师昧摇摇头,道:“阿燃,他们好像很怕你?”
墨燃“可能我长得威武?哈哈。”
师昧“、、、、、、”
墨燃“本座威名震九州,怕本座是正常的。”他看着师昧“但师昧不用怕,本座只会保护你,不会伤害你的。”
师昧“阿燃,你要记住你说的话。”
“当然,这辈子,下辈子,我都会保护好你,不会再让你受伤。”墨燃道。
师昧一双含水桃花眼紧紧望着他“如果师尊伤害了我呢?你会怎么做?”
墨燃一怔,道“他,他怎么会伤害你。”
师昧一笑“我是说如果。”
墨燃也笑“他不会的,而且以后你别见他了,他想伤害你也没机会。”
师昧“你是以后都不许我进红莲水榭了吗?”
墨燃“他现在也做不了你师尊了,他灵核尽废,修为全无,再也教不了你,等他想到办法召你余下的魂魄,你们再见吧。”
师昧看他一副不容多议的神情,知道这个人固执得很,还是不甘心的问了一句“阿燃,为何突然间不许我见师尊,是有什么隐情吗?”
墨燃看着他,道“你太过美好,我怕有人生出不该有的心思”
师昧觉得满头都是黑线,怕自己那不该有的心思被发现,只好作罢。他道“买得差不多了,我们回去吧。”
两人准备走的时候,发现街上行人稀少,只零散的走着一些布衣,修士居然一个也瞧不见了。
墨燃“、、、、、、”
师昧“、、、、、、”
肯定是火凰阁的弟子通传了这个大魔头在此,把修士都吓跑了。
墨燃不在意的道“有眼无珠,得以瞻仰本座是何等荣耀,居然吓得屁滚尿流的,啧,窝囊废、、、、、、”
师昧笑“如若师尊知道你吓跑了一座城的人,会不会笑话?”
墨燃“他敢,本座让他一个月下不了床。”
师昧就敛起了笑容,墨燃后知后觉的觉得口太快了,道“那什么,现在我只能说说而已、、、、、、”
师昧就微笑道:“听说阿燃还有个皇后,是天下第一美人,还是个蝶骨族?”
墨燃道:“嗯,是啊。”
师昧“那阿燃不想着添个皇子公主?以阿燃与蝶骨族的相貌,生的孩子肯定是个绝色美人。”
墨燃道“如果楚晚宁能生,本座倒是考虑下,宋秋桐嘛,哼、、、、、、”
这一声哼,师昧就知道他不愿意宋秋桐生下他的子嗣,他只能微笑道:“阿燃说笑了,师尊是男子,怎么可能生得了。”
墨燃却道:“那也不一定,那个华碧楠不是挺厉害的吗,本座让他研发个‘生子丸’出来,这样楚晚宁就可以给本座繁衍子嗣了,以他的容貌,生出的孩子不知会有多好看,哈哈、、、、、、”
师昧“、、、、、、”生子丸?想师尊给你生孩子,想都别想!
两人御剑上高空,飞速向死生之巅而去。
回到死生之巅已是夜晚,四处灯火通明,那座高耸的通天塔也点缀着无数灯光。
先回芷皓宫把所有灵石灵器摆放好,墨燃很是满意,对师昧道:“看,这样是不是气派了许多,像一个宫殿的模样。”

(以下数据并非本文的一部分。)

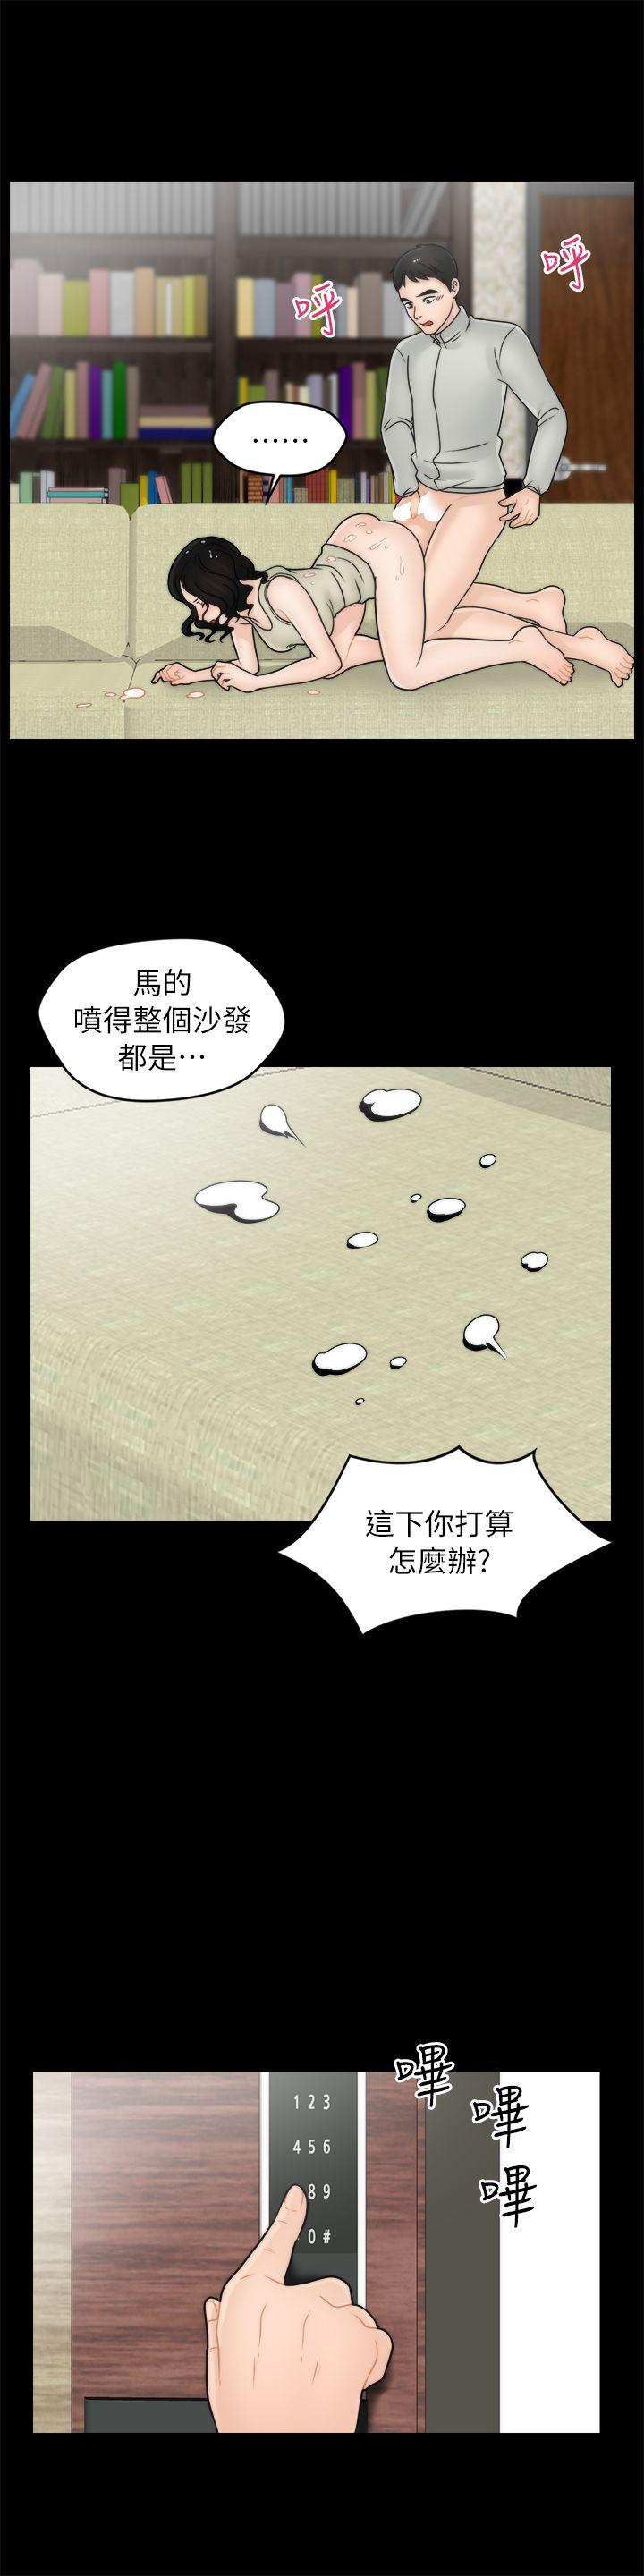 韩国污漫画 偷偷愛 第13话 19

师昧环视一圈,笑:“阿燃,不知现在孟婆堂还有没有饭,我们先去吃饭吧。”
墨燃道:“不用,你宫里有专人给你做饭的,你在宫里吃吧。”
师昧看着他:“你不跟我一起吃吗?”
墨燃道:“我先去看看师尊,看他那还有啥,随便吃一点。”
师昧:“那我也先去看看师尊。”
墨燃道“你还是别看了,脾气大着呢,你看看我的脸就知道了。”他想了想,问“师昧,师尊以前打过你吗?或者用天问抽过你吗?”
师昧眨眨眼,道“没,师尊从来没有打过我,只是有时候犯错了会被罚擦奈何桥的石狮和去孟婆堂做事,阿燃为何这样问?”
墨燃哼了一声,道“果然。”
师昧不明所以,墨燃道“你跟薛蒙都没被他打过,只有本座,哼,以前用柳藤抽,现在用巴掌抽、、、、、、”
师昧不由抿嘴一笑“那要看阿燃做了什么,师尊才会抽你。”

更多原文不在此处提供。